Leave out the pictures and retype, exactly, the lines below from the line with "東京メトロ03系~その1 | わさびくま日記 - 楽天ブログ" up to and including the line with "123 Flashcards (набор", nothing more.

[[ Available data, beginning ]]

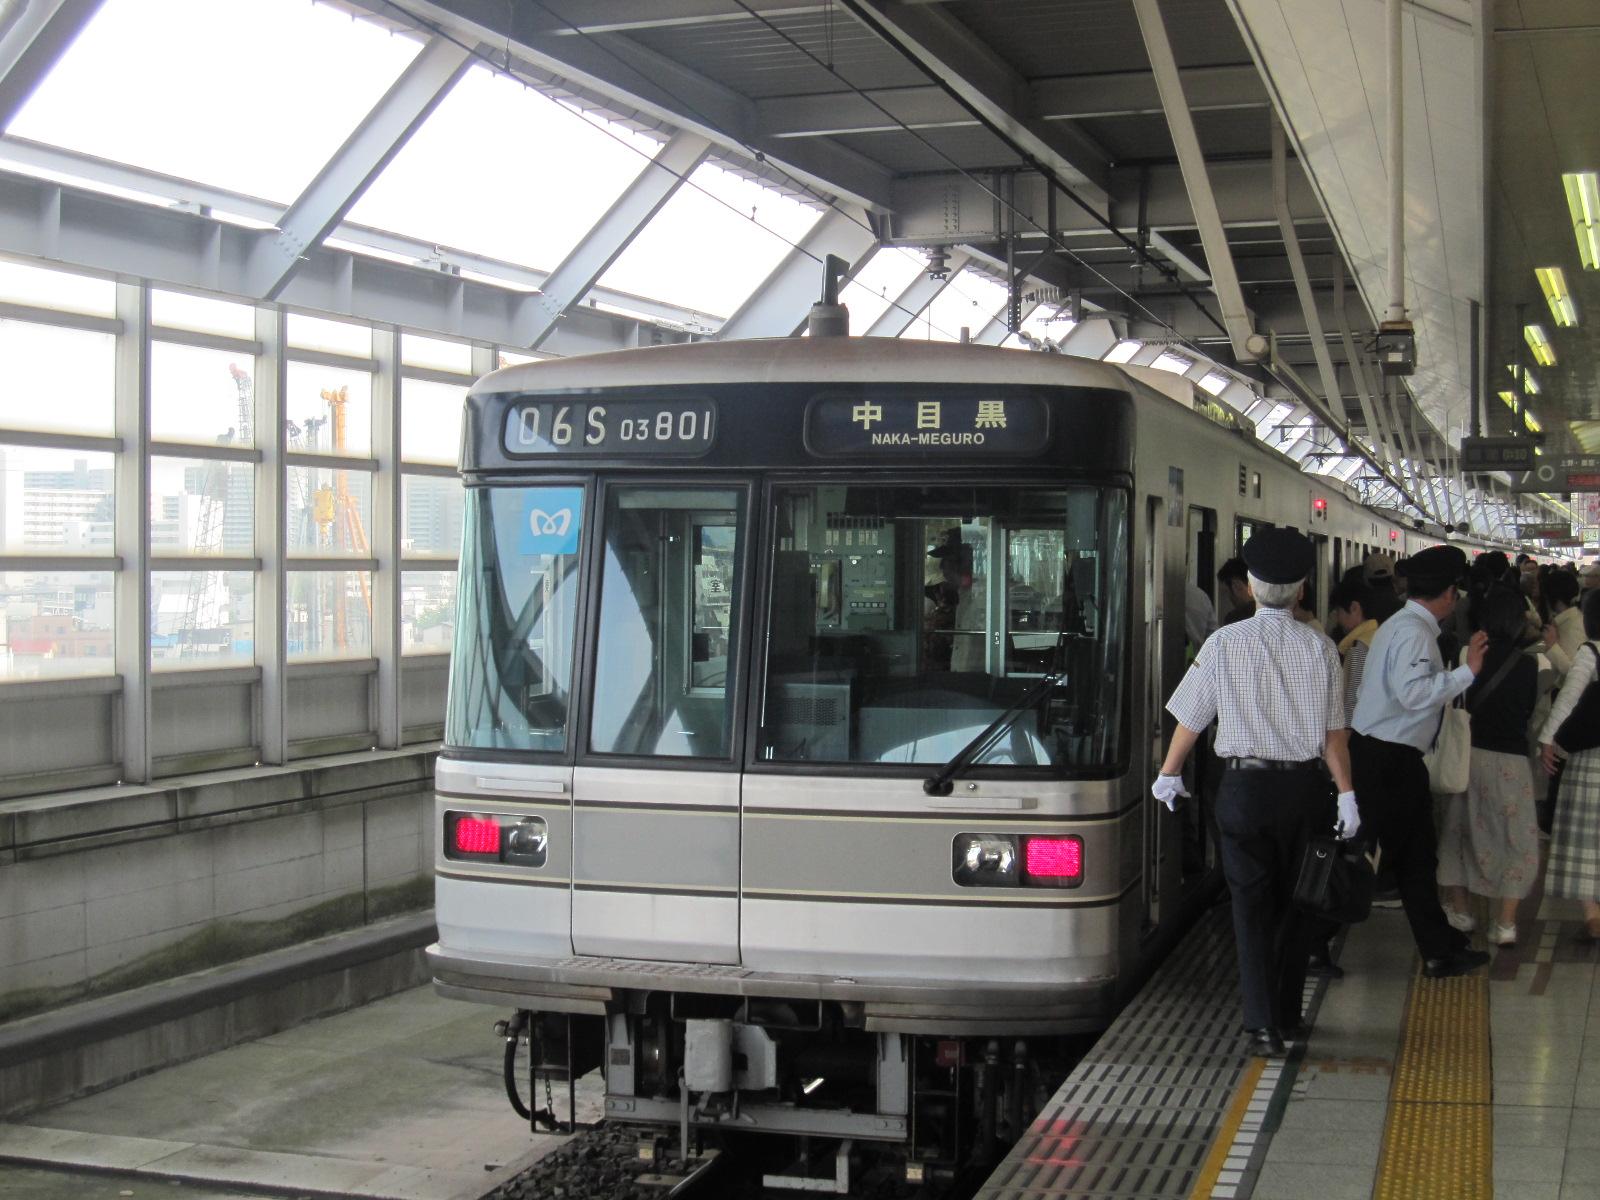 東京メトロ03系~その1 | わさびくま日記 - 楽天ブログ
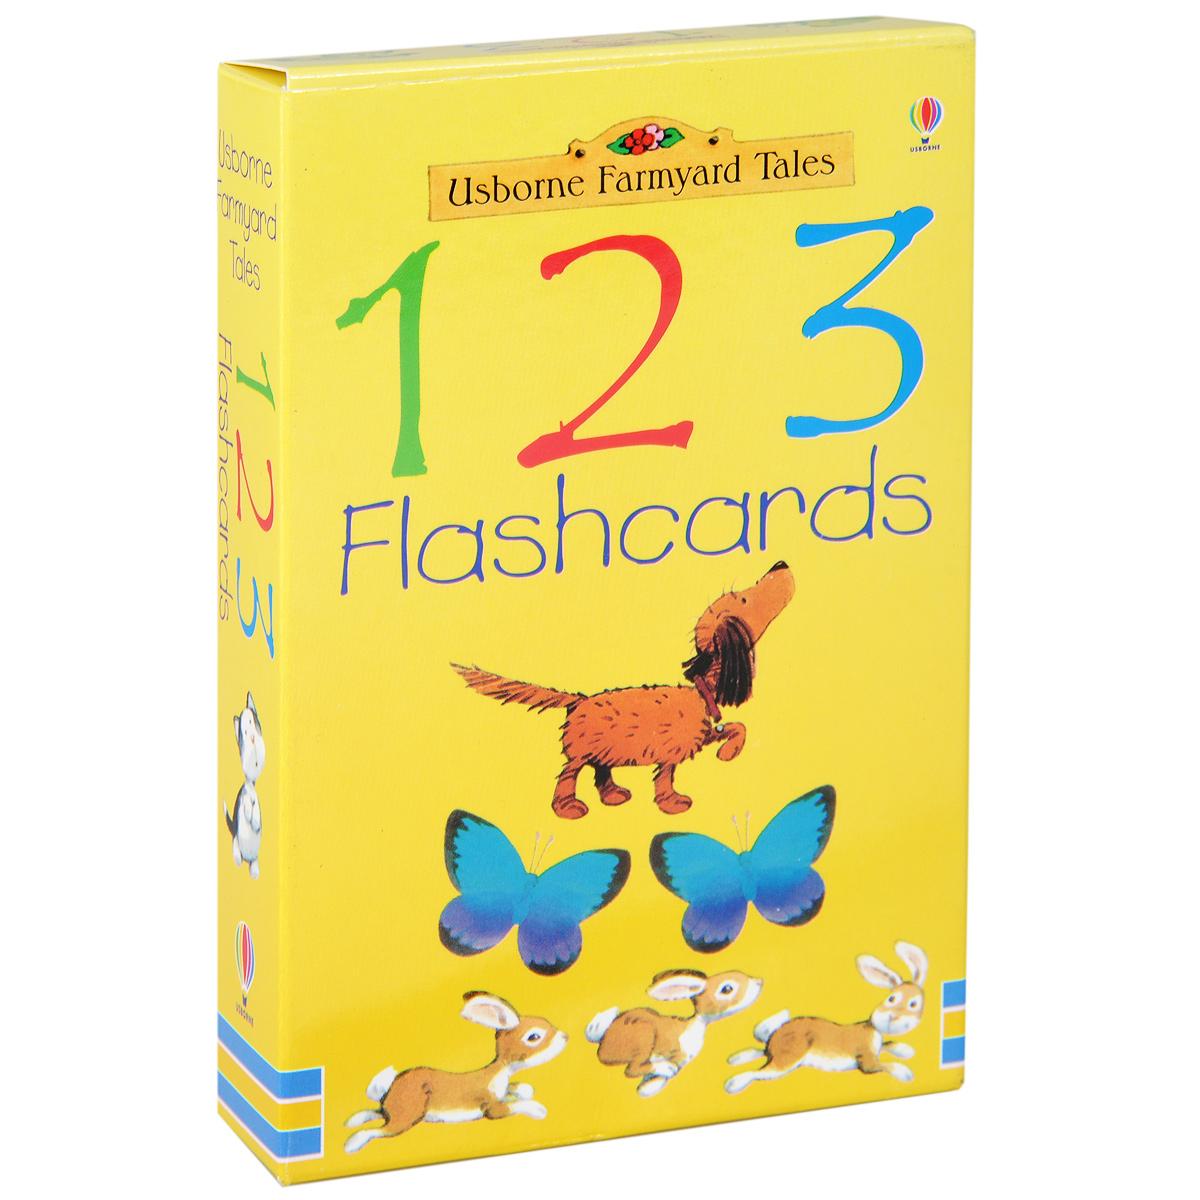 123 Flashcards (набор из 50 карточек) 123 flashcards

[[ Available data, end ]]
[[ Available data, beginning ]]

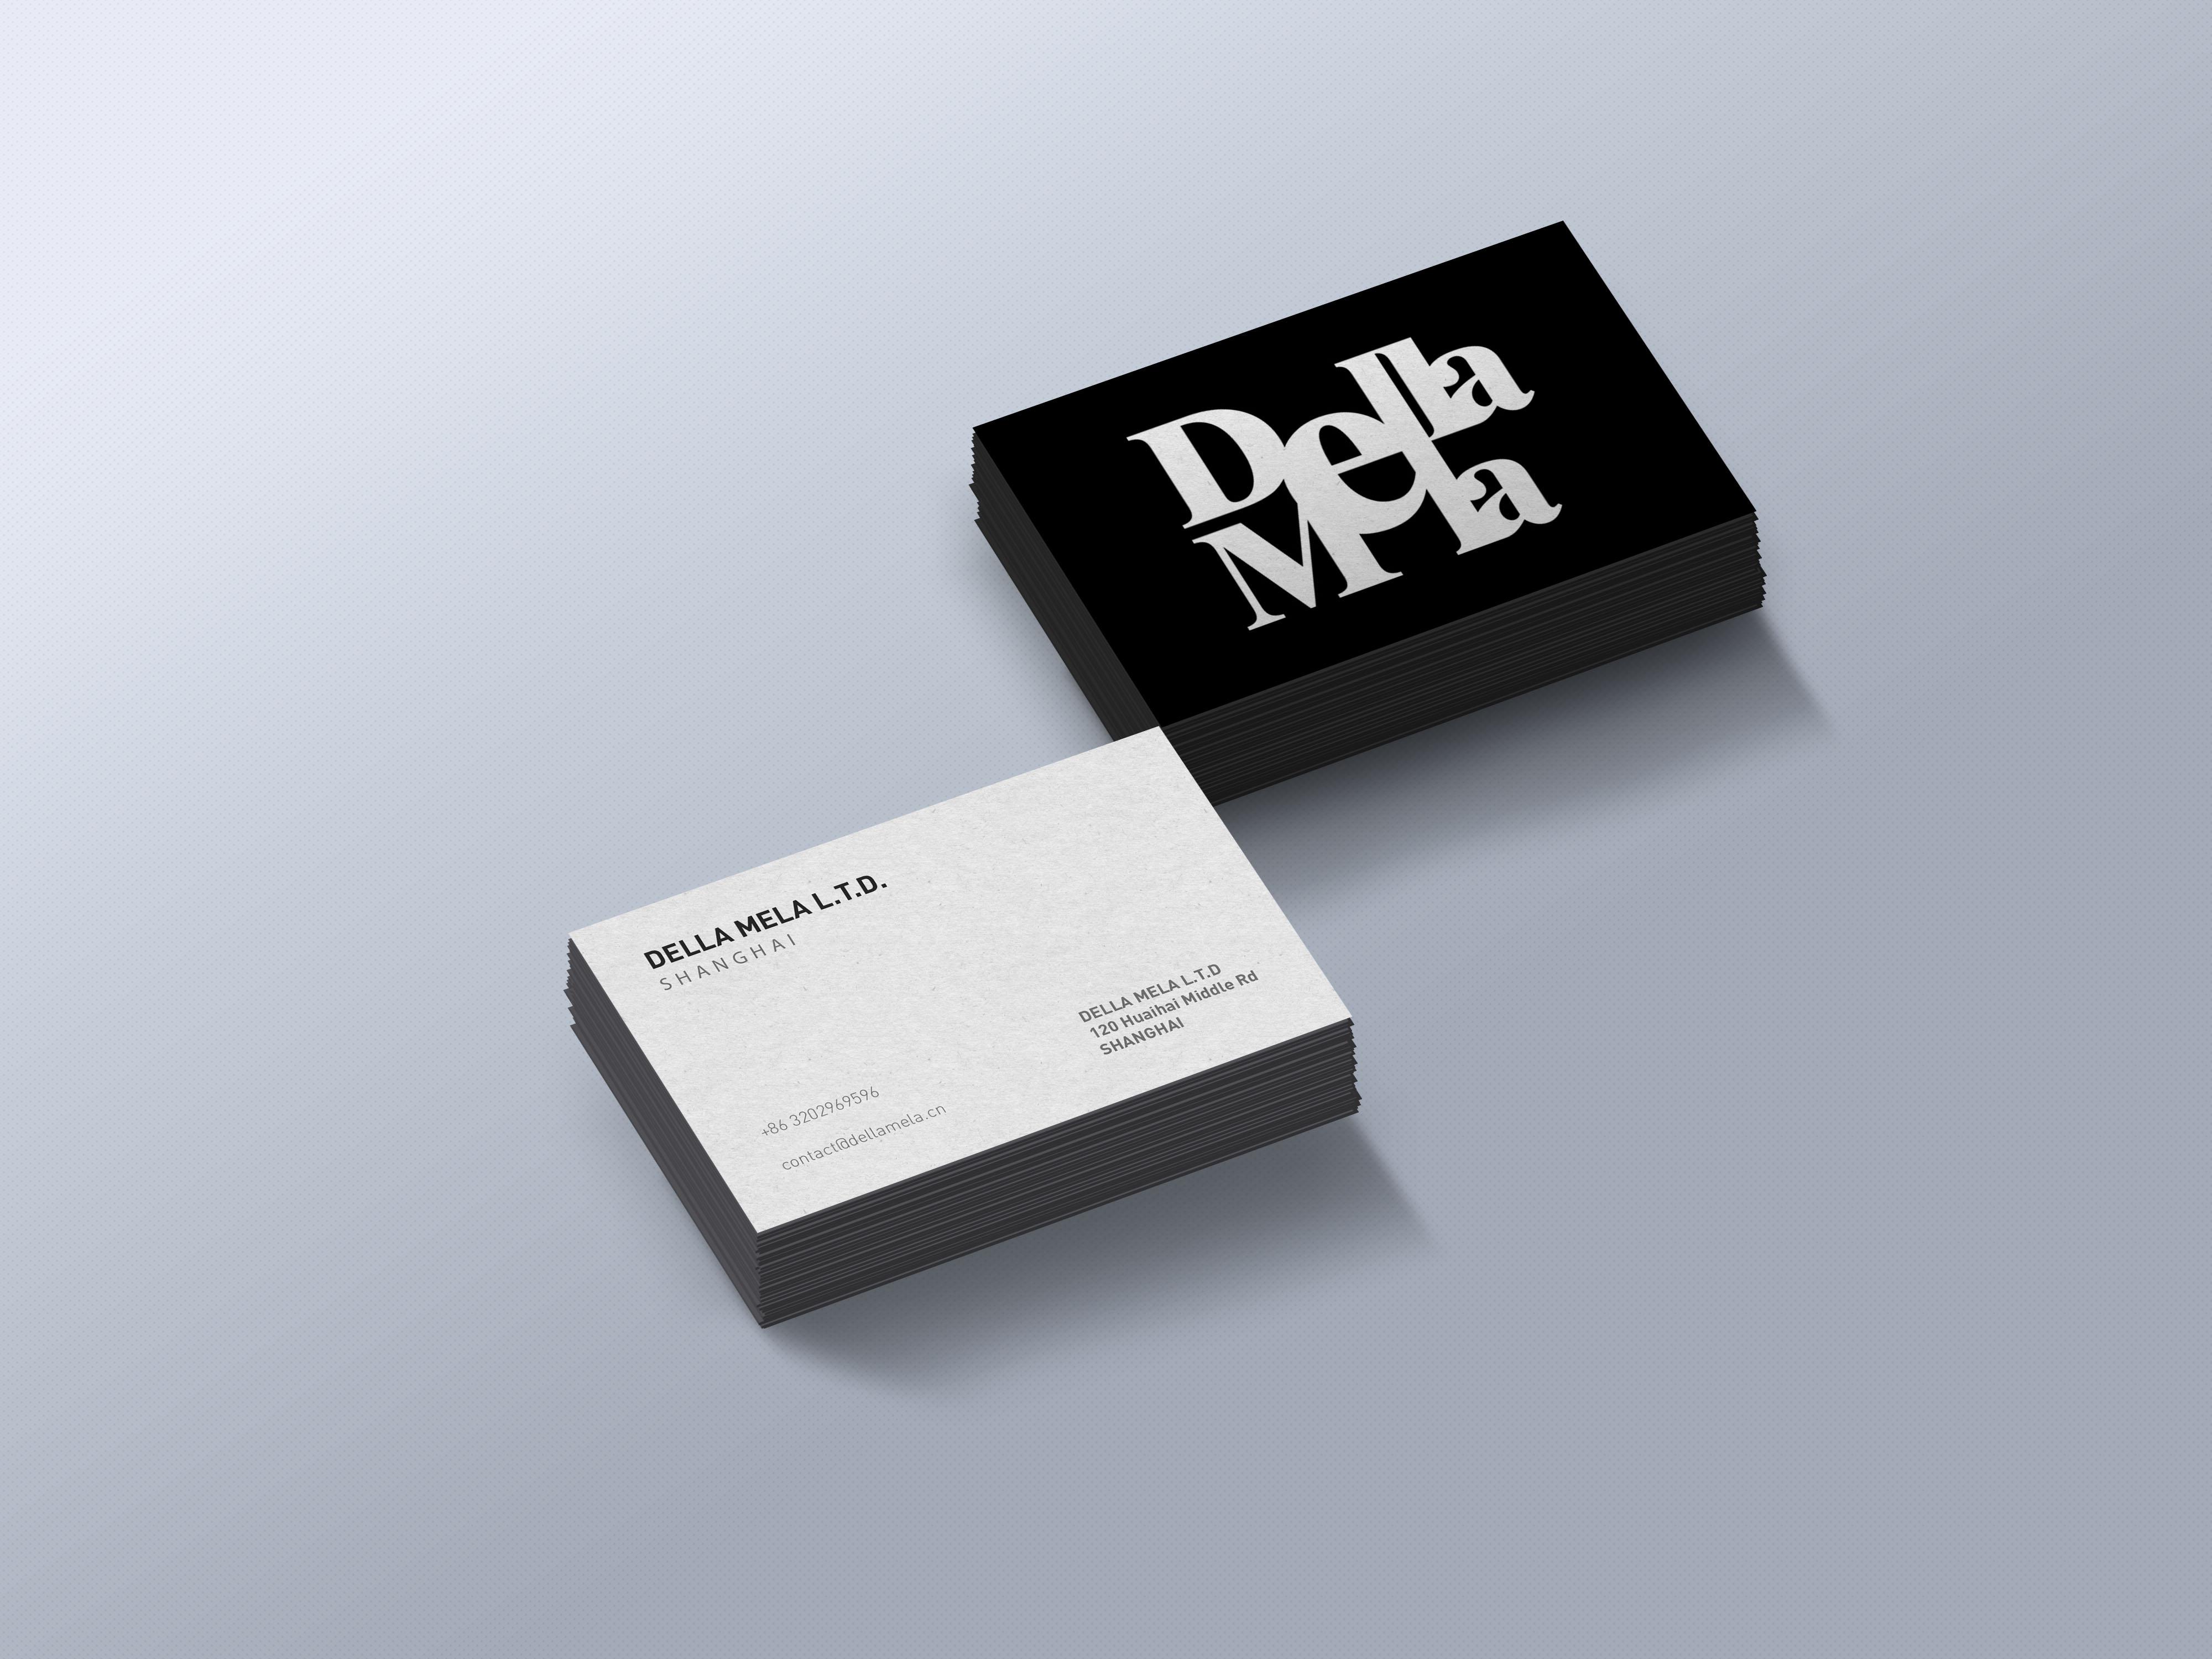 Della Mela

[[ Available data, end ]]

### Result
 東京メトロ03系~その1 | わさびくま日記 - 楽天ブログ
 123 Flashcards (набор из 50 карточек) 123 flashcards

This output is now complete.